Infants show smaller, more consistent growth, while adults show more variability and more outliers, especially beyond 8 rings. The plateau in growth after 10–12 rings suggests that abalones reach a stage where additional growth in volume and weight slows down. These findings reflect the natural growth patterns of abalones, with early rapid growth in infants and more variability in adults due to individual differences and environmental factors.
6) a) Based solely on these data, what are plausible statistical reasons that explain the failure of the original study? Consider to what extent physical measurements may be used for age prediction.
The variability, non-linearity, overlapping metrics, and presence of outliers all contribute to the difficulty of using physical measurements for accurate age prediction.

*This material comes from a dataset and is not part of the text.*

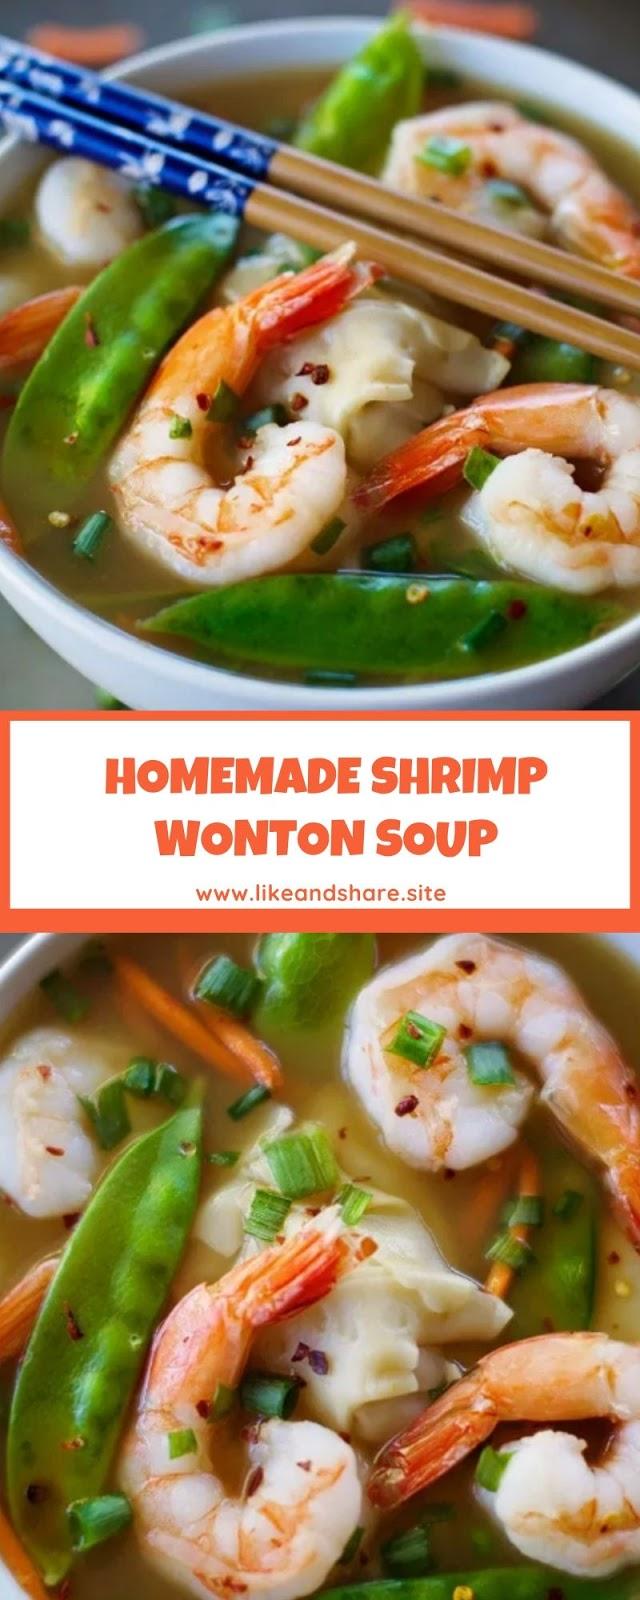 HOMEMADE SHRIMP WONTON SOUP

Physical size alone is not sufficient for predicting the exact age of abalones. A more accurate model would likely require additional factors such as genetic data, environmental variables, or other biological indicators.

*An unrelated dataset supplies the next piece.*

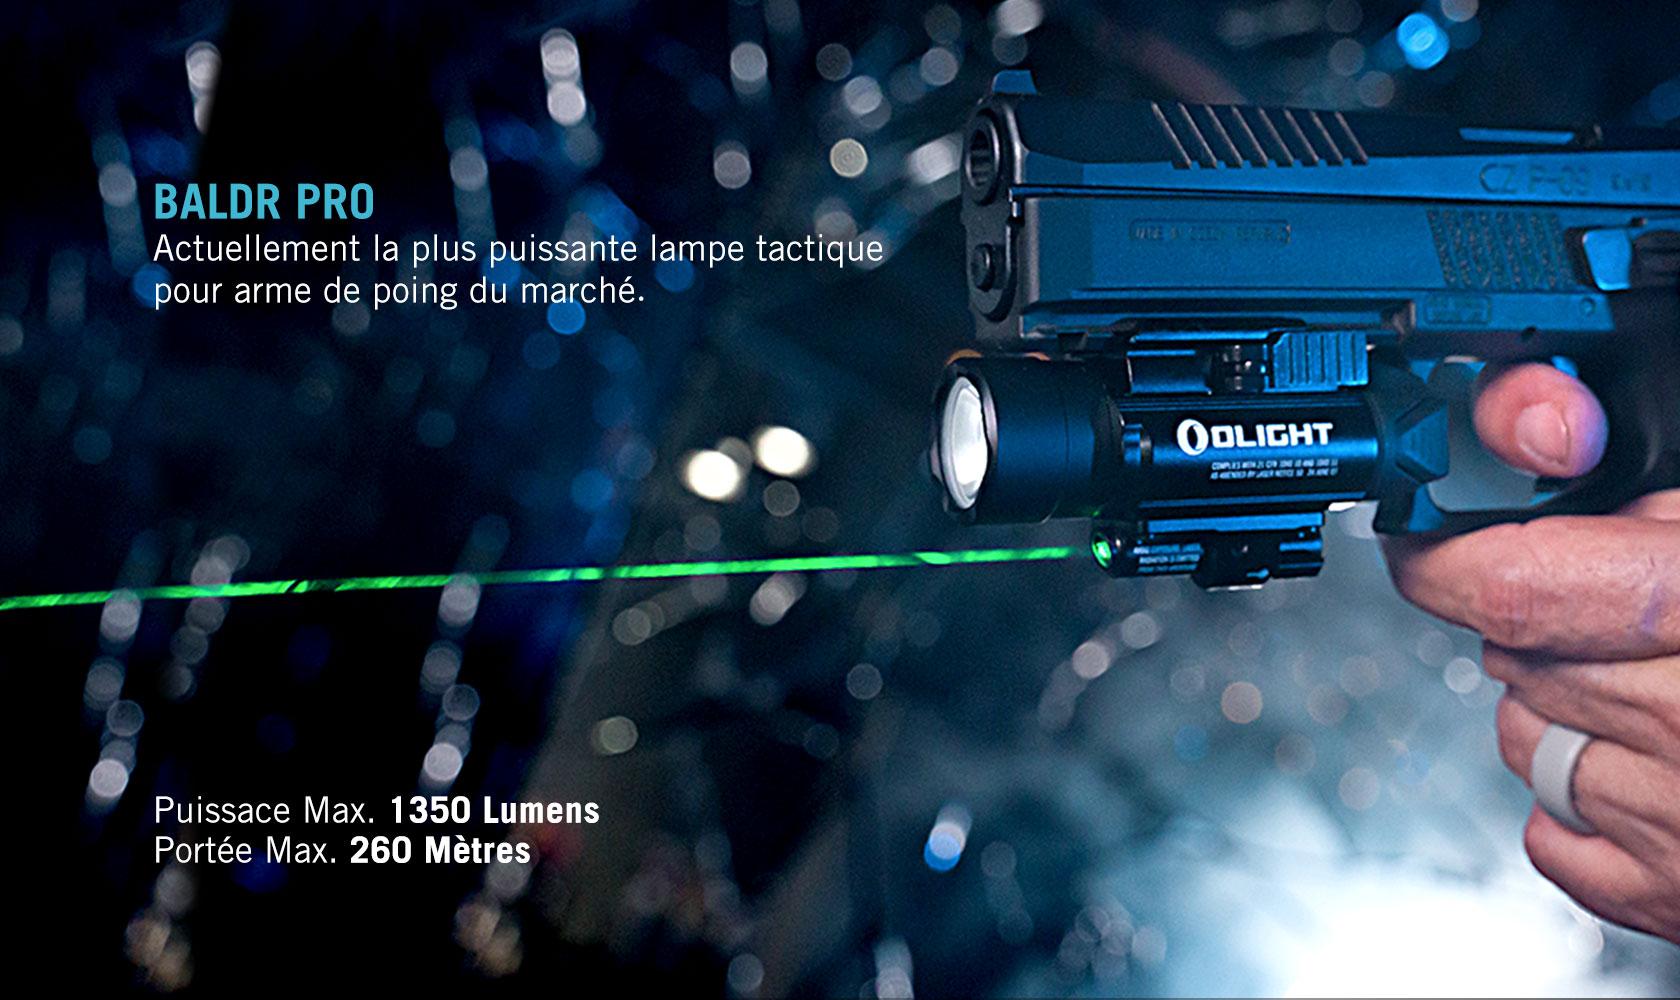 Baldr Pro lampe compatible avec des rails picatinny

b) Do not refer to the abalone data or study. If you were presented with an overall histogram and summary statistics from a sample of some population or phenomenon and no other information, what questions might you ask before accepting them as representative of the sampled population or phenomenon?.
• How was the sample collected?
• Were there any missing values or outliers in the data?

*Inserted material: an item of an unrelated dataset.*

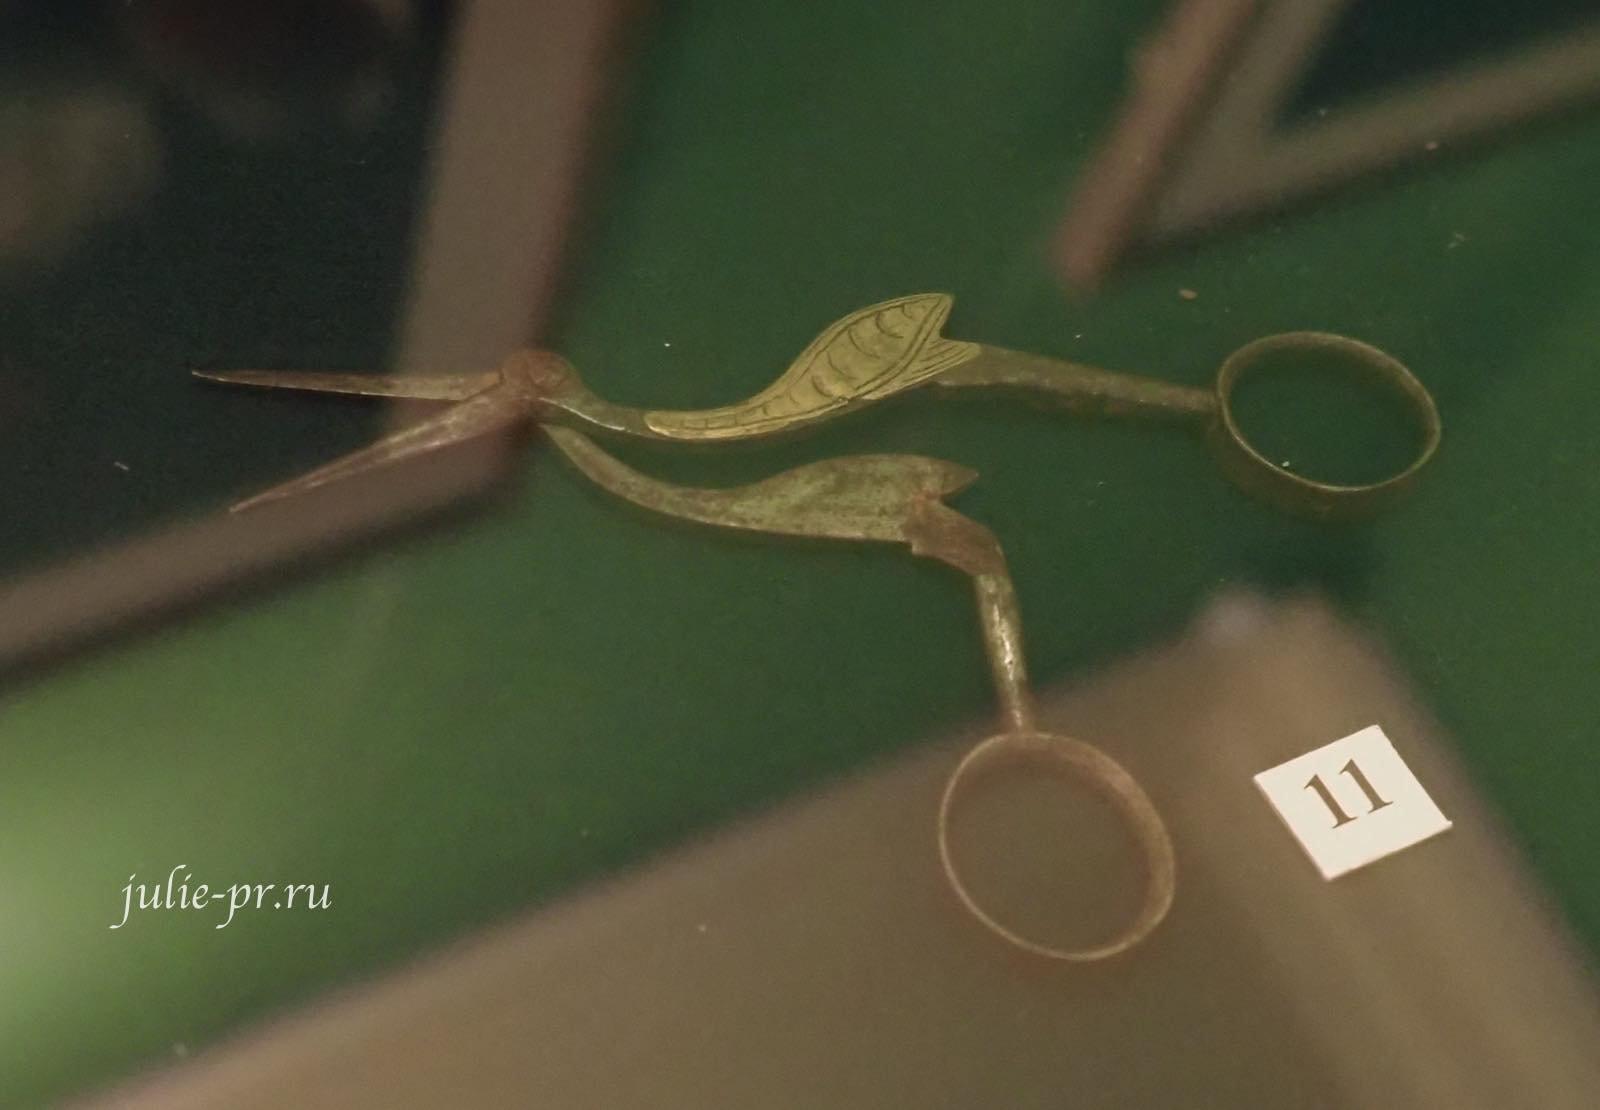 Цапельки, Зажим для придерживания золотой канители, чтобы избежать соприкосновения с пальцами, Россия, 2я половина XIX в.

• What is the shape of the distribution?
• Is the data clean and accurate?
• Does the sample exclude any relevant sub-populations?
• Are the summary statistics sufficient to describe the sample?
• Is there any known or suspected bias in the sample?
c) Do not refer to the abalone data or study. What do you see as difficulties analyzing data derived from observational studies? Can causality be determined? What might be learned from such studies?
Variables not included in the study may influence both the independent and dependent variables, making it difficult to isolate effects. Selection Bias. Measurement Error. Incomplete or inaccurate data.
No, causality cannot be established directly from observational studies because:
1. Correlation does not imply causation: Observational studies only provide evidence of associations between variables.
2. Lack of randomization: Without random assignment, it’s impossible to ensure that observed changes are solely due to the variable of interest.
Identifying associations, generating hypotheses, and studying phenomena in natural settings are things that can be learned from such studies. Their insights often serve as a foundation for more rigorous experimental research, though analysts must carefully address biases, confounding factors, and measurement issues to draw meaningful conclusions.